Data to examine -

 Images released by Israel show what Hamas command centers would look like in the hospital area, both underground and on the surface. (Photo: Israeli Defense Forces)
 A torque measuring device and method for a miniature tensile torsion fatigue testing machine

---

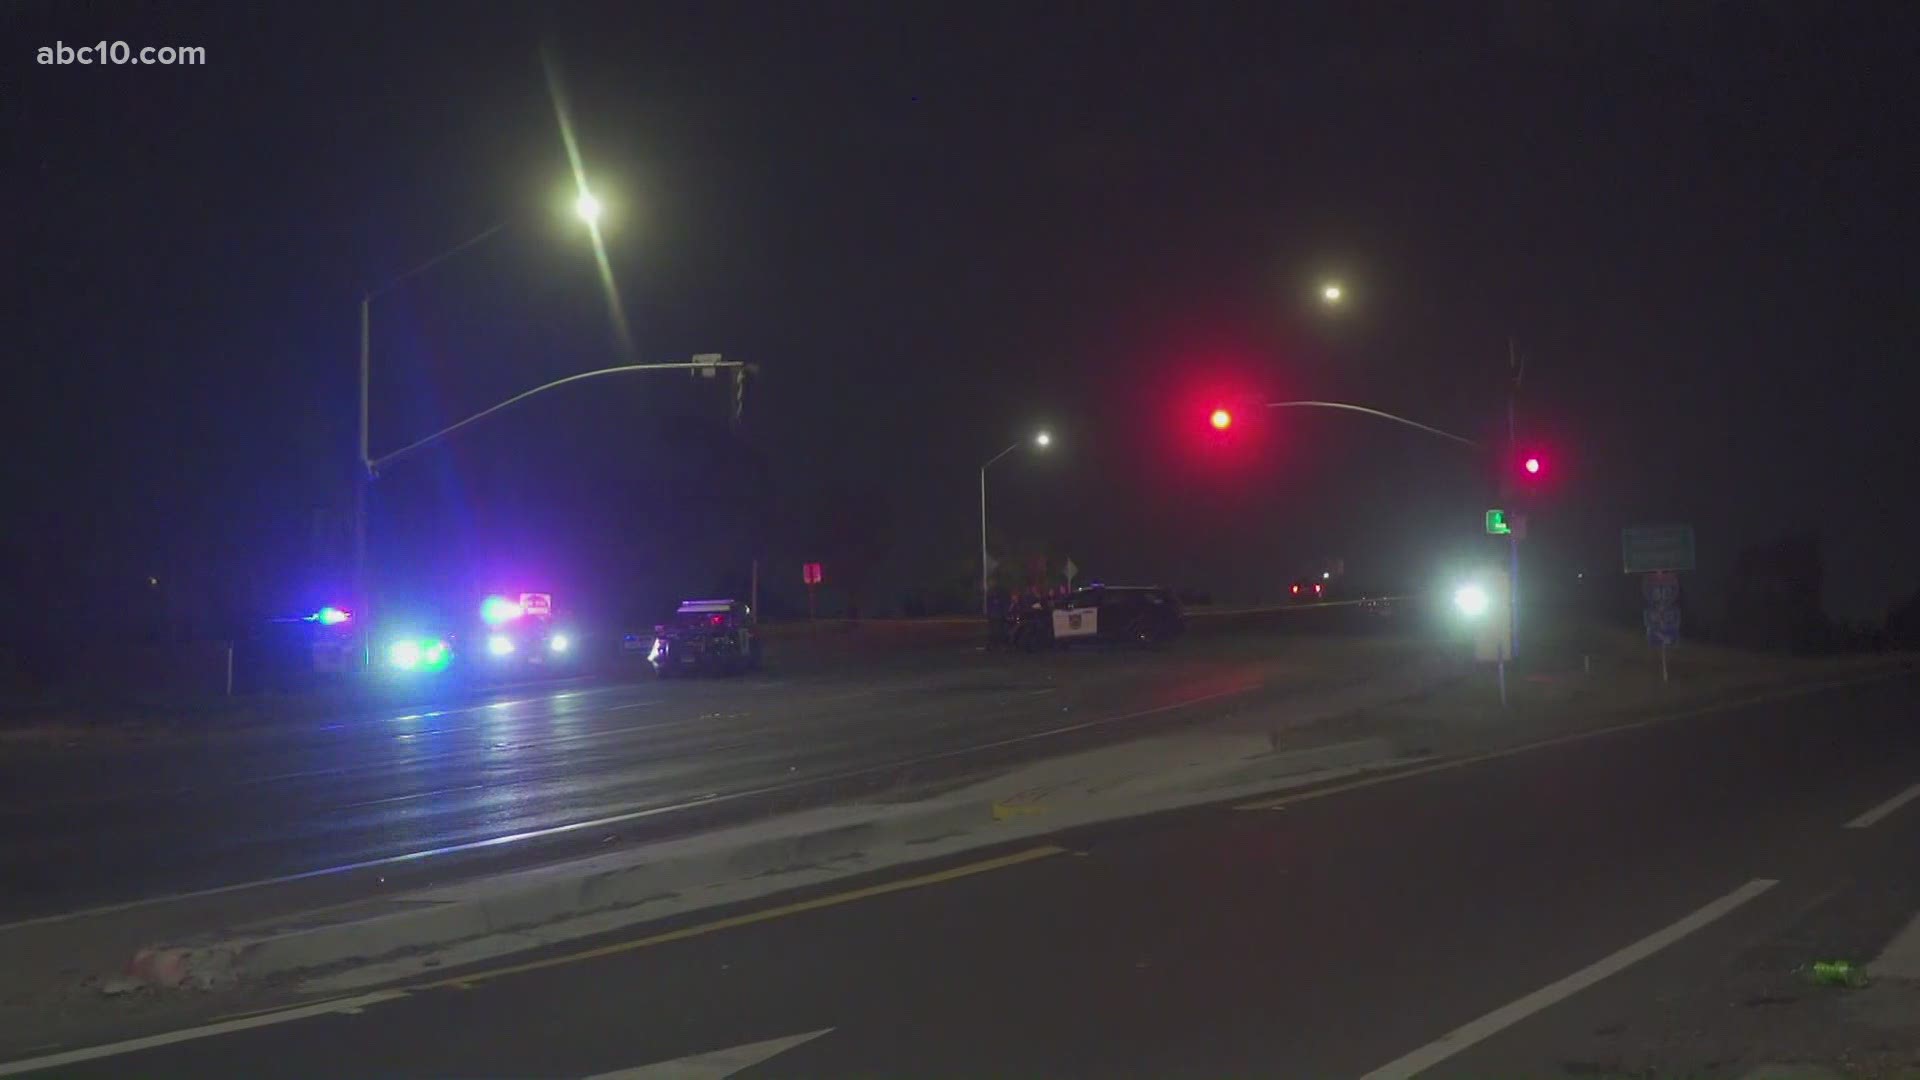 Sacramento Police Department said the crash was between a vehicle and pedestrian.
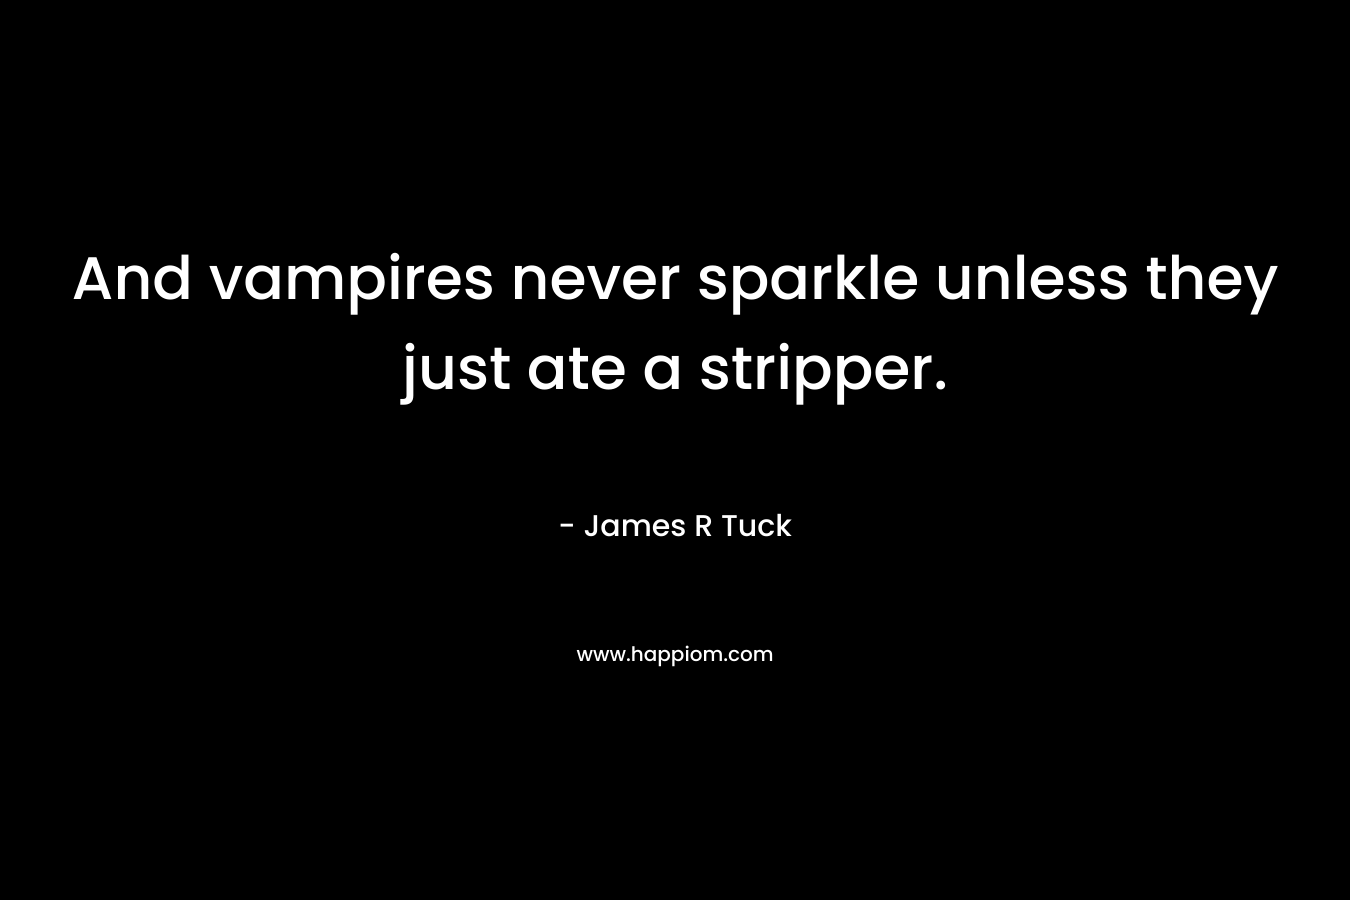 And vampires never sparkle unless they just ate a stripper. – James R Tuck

Task to carry out - Look above for the line holding "Sacramento Police Department" and output everything from it down to the line holding "And vampires never", both ends included, exactly and without images.

Answer box -
 Sacramento Police Department said the crash was between a vehicle and pedestrian.
 And vampires never sparkle unless they just ate a stripper. – James R Tuck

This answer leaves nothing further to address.